Problem to work on:
Retype the whole listing exactly. Leave out pictures.

Given information:
—————

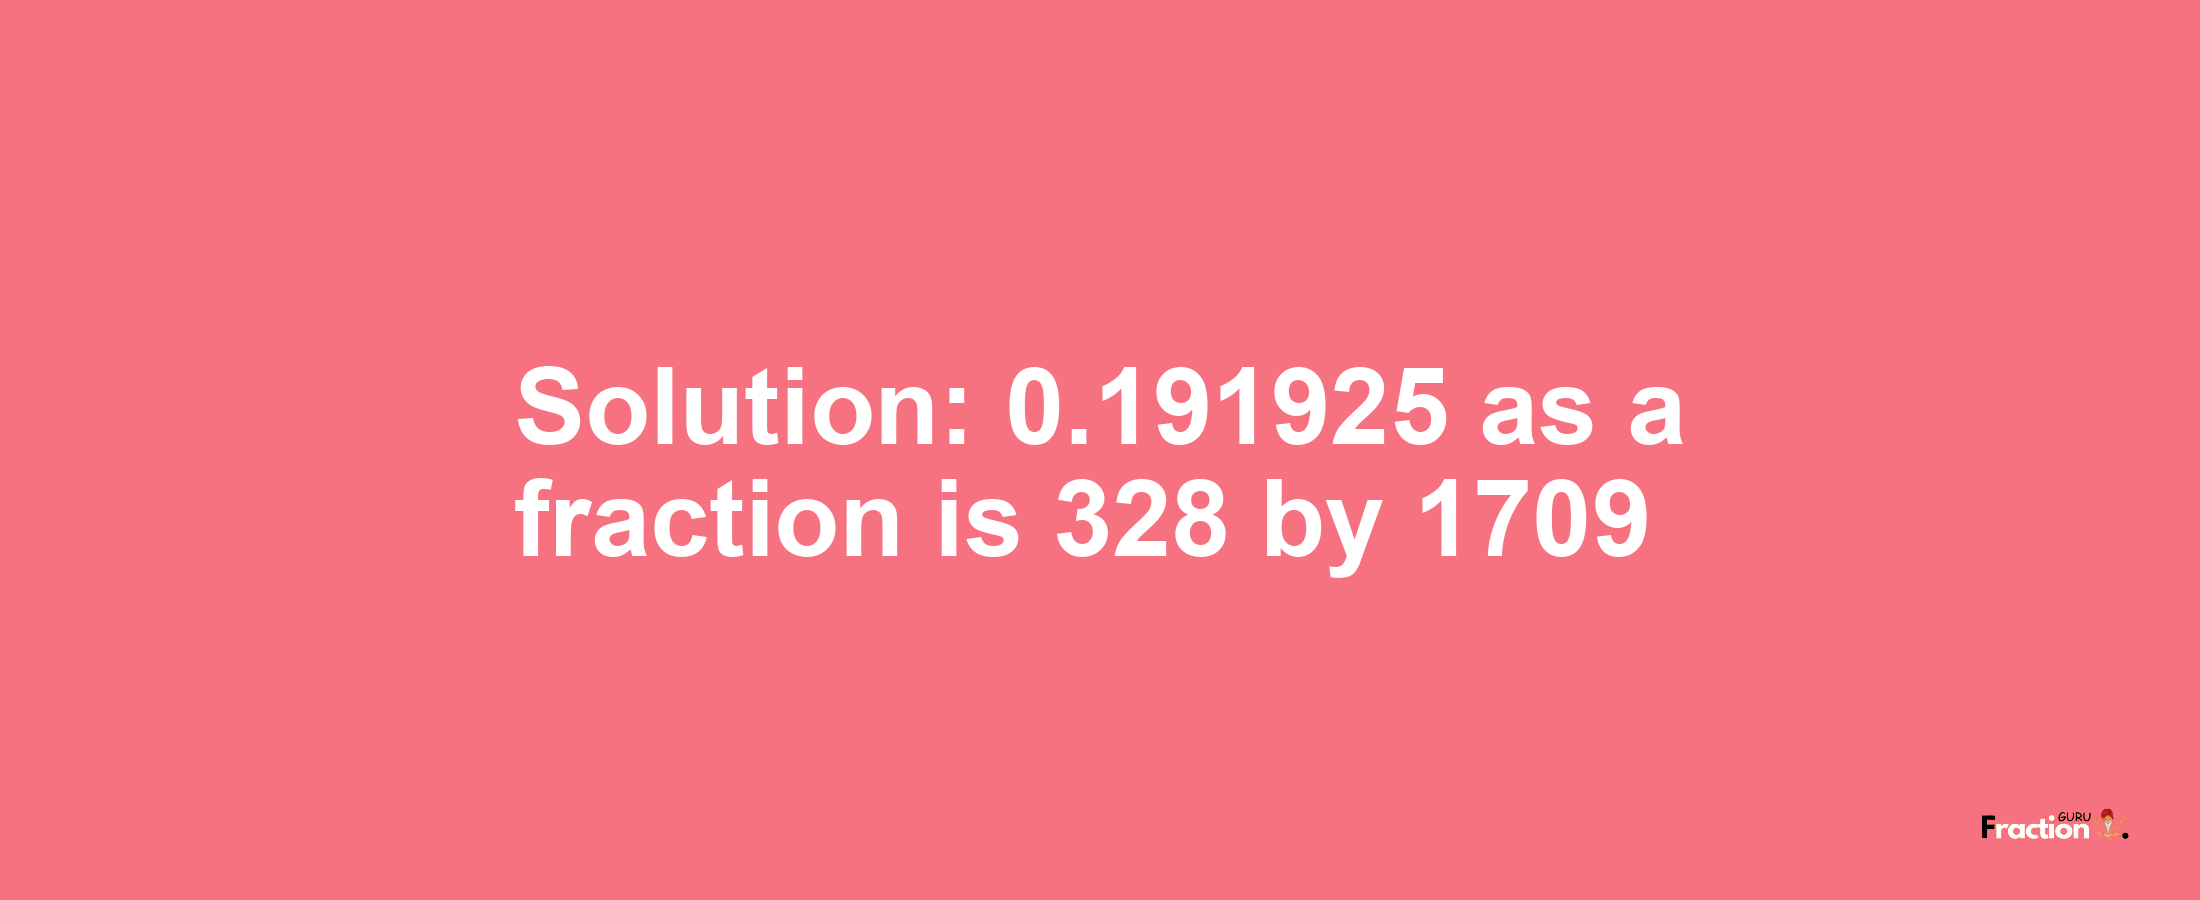 Solution:0.191925 as a fraction is 328/1709
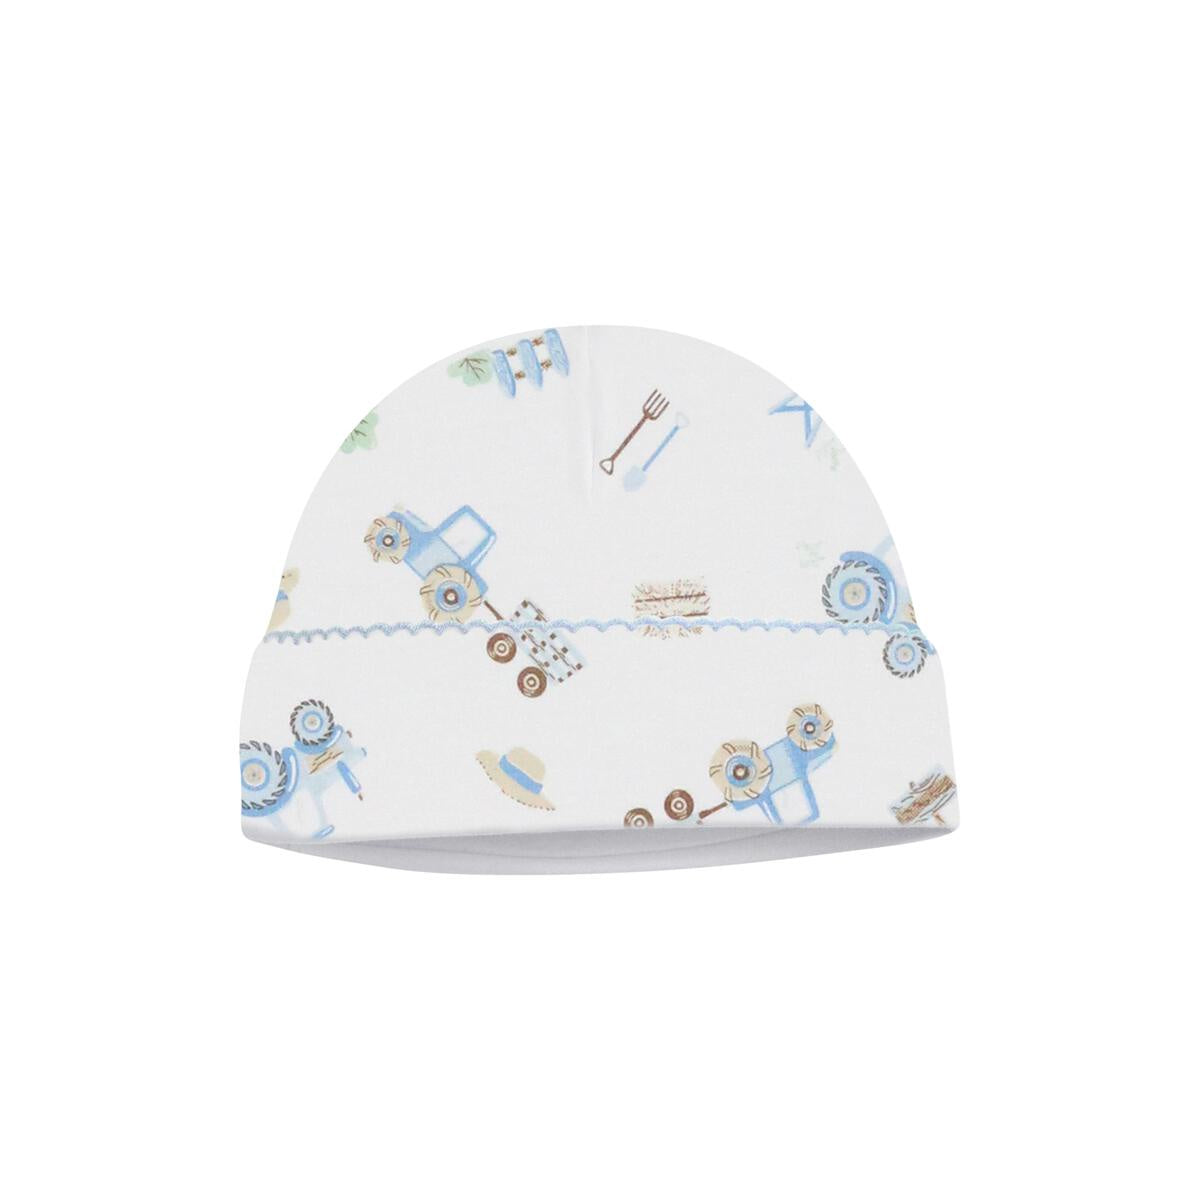 Lyda Baby In the Farm Print Hat PP07-7117 5007
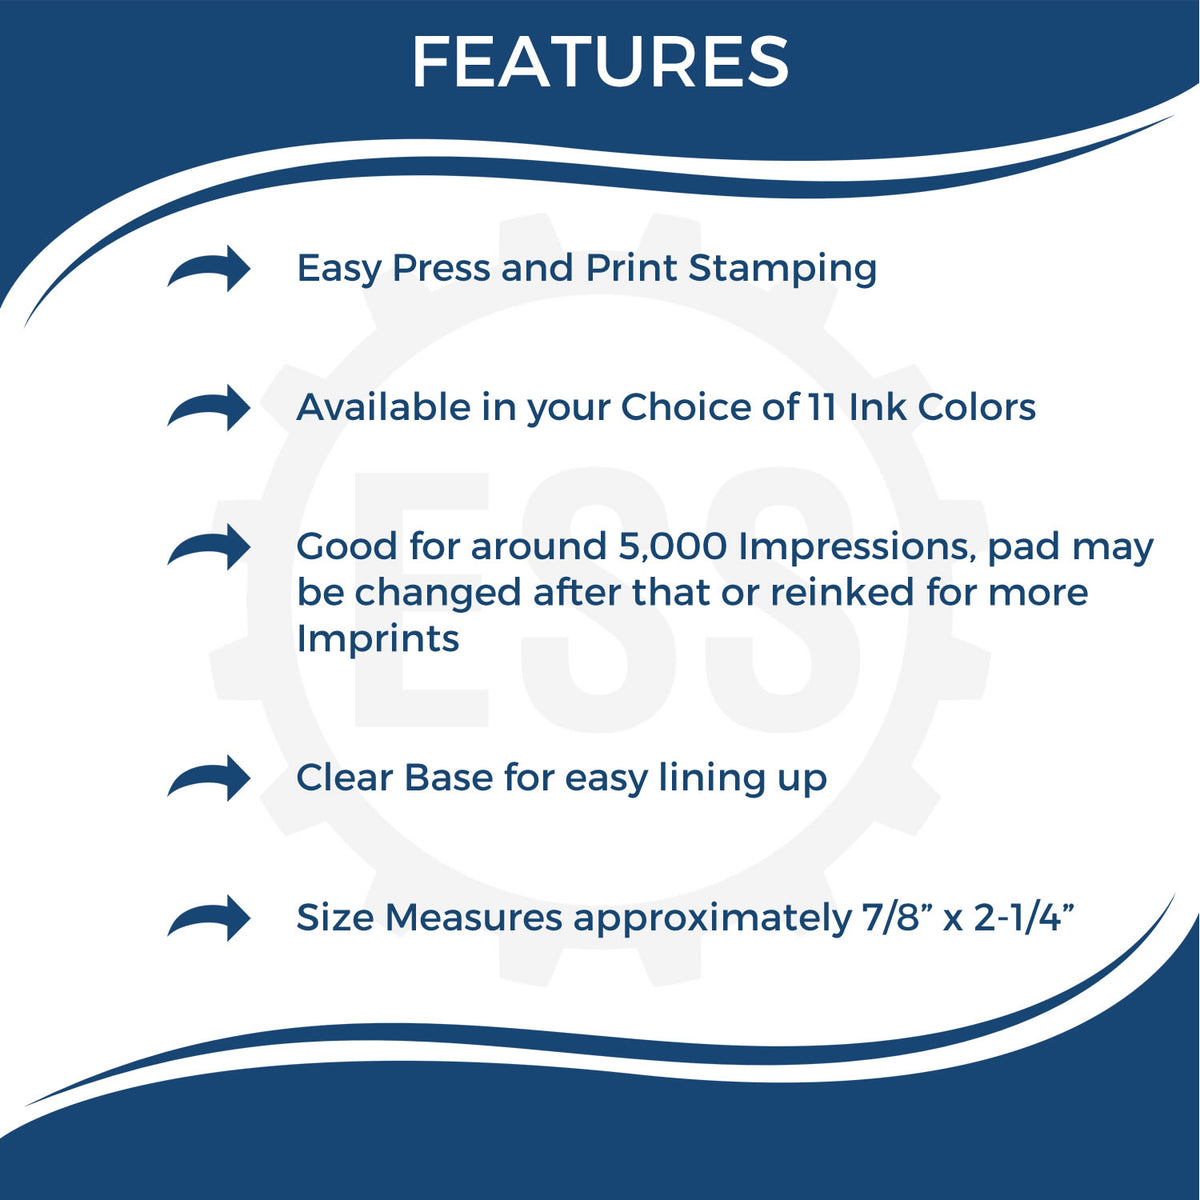 Large Self-Inking Covid-19 Test Pending Stamp
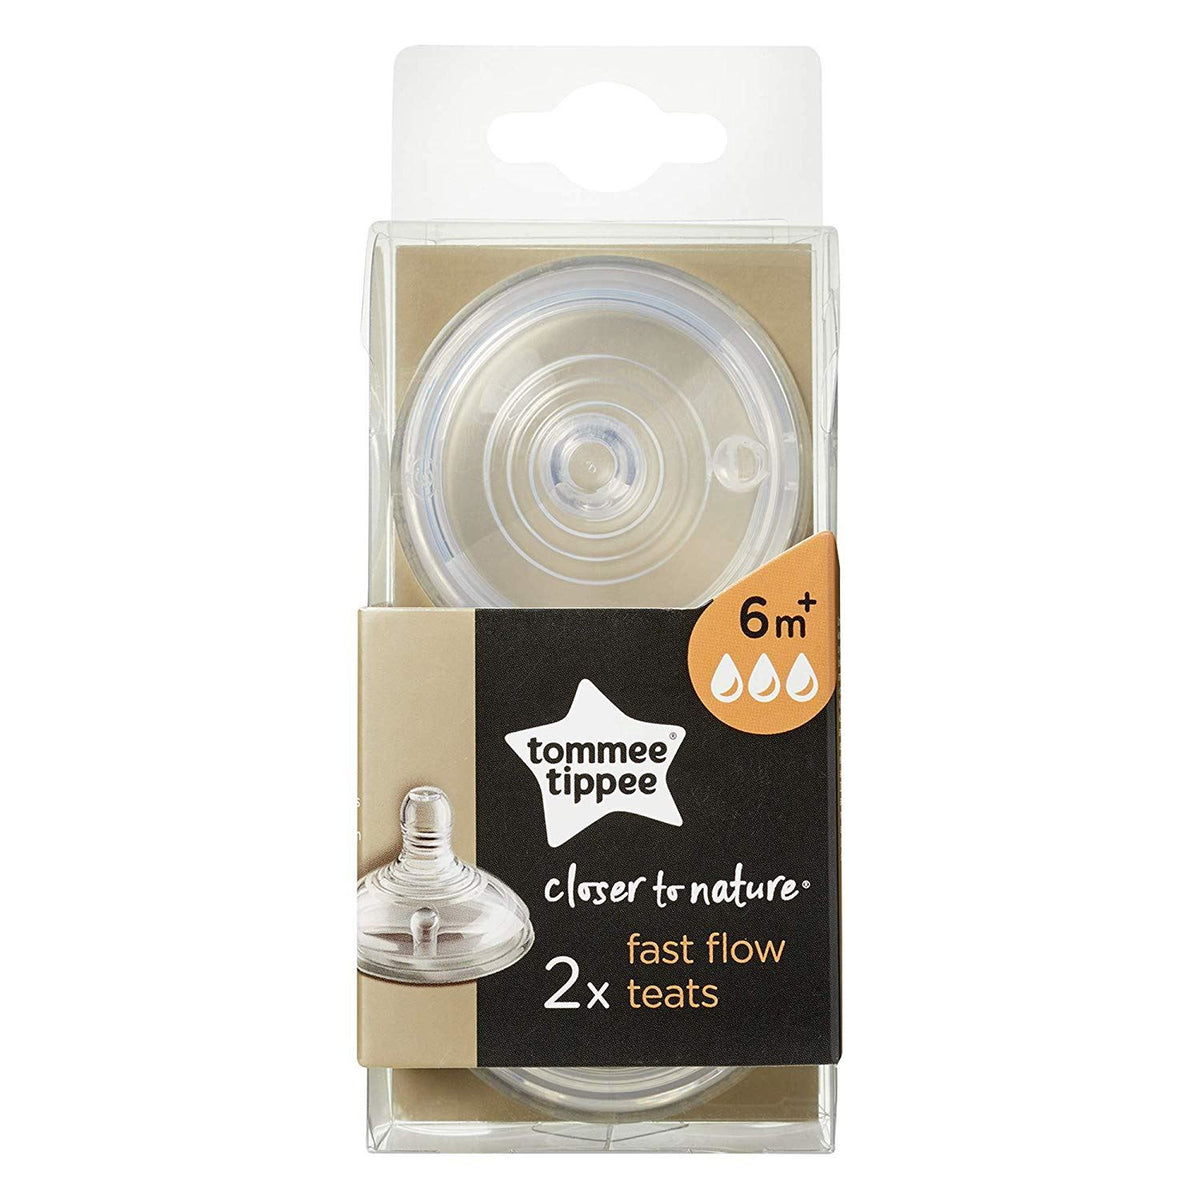 Tommee Tippee Closer to Nature PK of 2 Teats-Fast flow 6M+

—————

Task result:
 Solution:0.191925 as a fraction is 328/1709
 Lyda Baby In the Farm Print Hat PP07-7117 5007
 Large Self-Inking Covid-19 Test Pending Stamp
 Tommee Tippee Closer to Nature PK of 2 Teats-Fast flow 6M+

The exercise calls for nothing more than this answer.